Must Try Chorizo-Stuffed Spaghetti Squash Latino Recipe

by Tina Trevino

A healthful Latino dish incorporating Latino flavor without the glucose spike

For many of us in the Latino community, the kitchen is where our heritage lives. But for me, it has also been a place of caution. On my father’s side of the family, diabetes isn’t just a medical term—it’s a lived reality managed with insulin and pills. Most of my aunts, uncles, and cousins have spent years managing the disease with insulin or pills.

The reality is that Latinos are statistically among the most likely to develop diabetes. If you are looking to be proactive—not just for yourself, but for your family—modifying your diet to include low-glycemic foods is one of the most powerful moves you can make.

Recently, I have made a series of proactive choices to shift my health trajectory and stay ahead of the curve with Latino diabetes. This journey has been deeply personal for another reason: I have navigated my own set of challenges these past few years with inflammation and autoimmune issues that have affected my mobility. I recently made the decision to wear a CGM (continues glucose monitor) for a few months and this data driven technology opened a window into my body’s unique chemistry. What I learned through that data, combined with medical research, is that every avoided glucose spike is a win against systemic inflammation. For me, glucose monitoring has become a vital tool for managing my symptoms and staying proactive about my long-term health.

The Myth of “Losing Out”

One of the biggest hurdles in choosing a low-glycemic lifestyle is the fear of sacrifice—the idea that a “healthy swap” means a less satisfying meal. I’ve found the exact opposite to be true with this dish.

We don’t lose a thing in this swap. Unlike other vegetable alternatives that can feel watery or thin, spaghetti squash is incredibly dense and holds up beautifully under the weight of the smoky chorizo and melted mozzarella. It provides a hearty, filling “bite” that mimics the al dente texture of traditional pasta. When you pull those strands with a fork, you aren’t just getting a substitute; you’re getting a nutrient-dense, satisfying base that carries the bold Latino flavors perfectly.

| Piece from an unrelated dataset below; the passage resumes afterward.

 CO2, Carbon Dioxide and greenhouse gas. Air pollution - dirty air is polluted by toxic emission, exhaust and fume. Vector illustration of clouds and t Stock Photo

By making these intentional choices, I’m not just avoiding a spike on my CGM; I’m proving that proactive health and culinary indulgence can live in the same bowl. For me, this is about longevity—holding off the diabetes that has affected so many of my aunts, uncles, and cousins, while keeping my own inflammation and autoimmune symptoms in check.

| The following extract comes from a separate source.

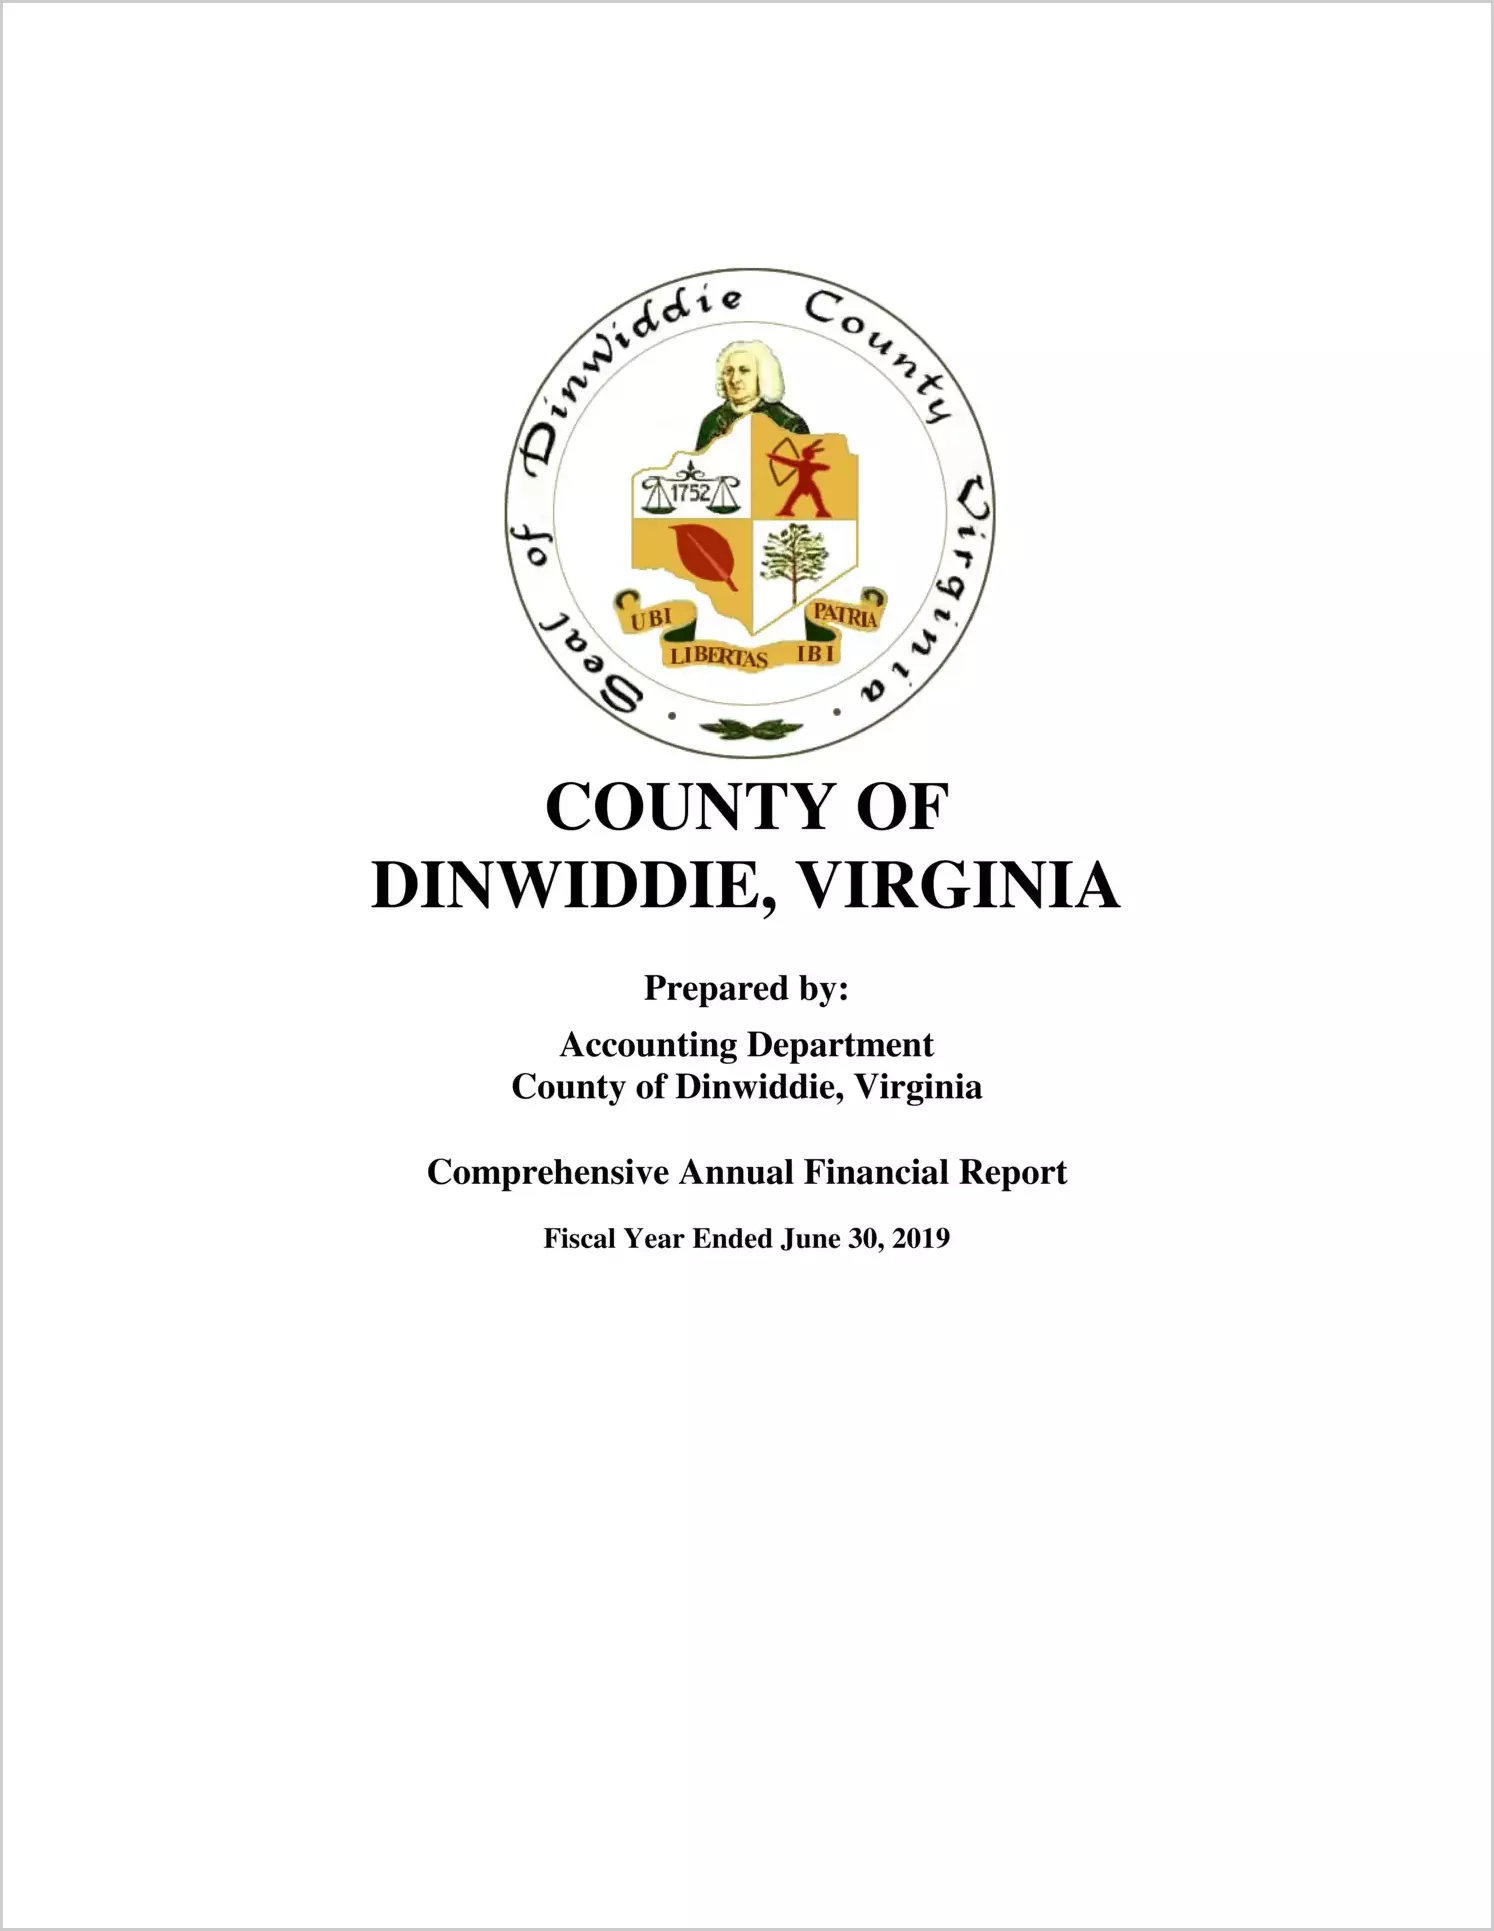 2019 Annual Financial Report for County of Dinwiddie

The Recipe: Low-Glycemic Cubano Chorizo Squash Boats

Preparation Time: 15 mins

Cook Time: 50 mins

Servings: 2

The Ingredients

  • 1 large spaghetti squash
  • 1/2 lb. Cuban chorizo (ground or removed from casings)
  • 1-pint cherry tomatoes (halved)
  • 8 oz fresh mozzarella (shredded or torn)
  • 2 cloves garlic (minced)
  • 1/2 small yellow onion (diced)
  • 1 tbsp olive oil
  • Fresh cilantro for garnish
  • Salt and pepper to taste

The Instructions

  • Roast the Base: Preheat oven to 400°F. Slice the squash in half lengthwise, remove seeds, drizzle with oil, and roast cut-side down for 40–50 minutes.
  • Sauté the Flavor: While roasting, brown the chorizo and onion in a skillet. Add garlic and cherry tomatoes, cooking until the tomatoes soften into a light, rustic sauce.
  • The “Pasta” Reveal: Remove the squash from the oven. Use a fork to scrape the squash into strands. Keep the strands inside the squash “boat.”
  • Combine: Fold the chorizo-tomato mixture into the squash strands directly in the shell.
  • The Finish: Top with mozzarella and broil carefully for 3–5 minutes until the cheese is golden and bubbling. Sprinkle with fresh cilantro leaves if you like and you’re ready to eat.

Why This Works for Your Glucose

  • Fiber Over Flour: Spaghetti squash provides the “pull” of pasta but with a fraction of the carbohydrates and much higher fiber.
  • Protein & Fats: The healthy fats and protein in the chorizo and mozzarella help slow the absorption of sugars from the tomatoes.
  • No Spikes, All Flavor: You get the hit of acidity, smoke, and creaminess without the post-meal “crash.”

Please note: this article is only intended to inform the public about diabetes. It is not intended to be a dietary guide for meal choice. Everyone has unique health needs. For your best healthy choices speak with your heath professional to determine what is right for you.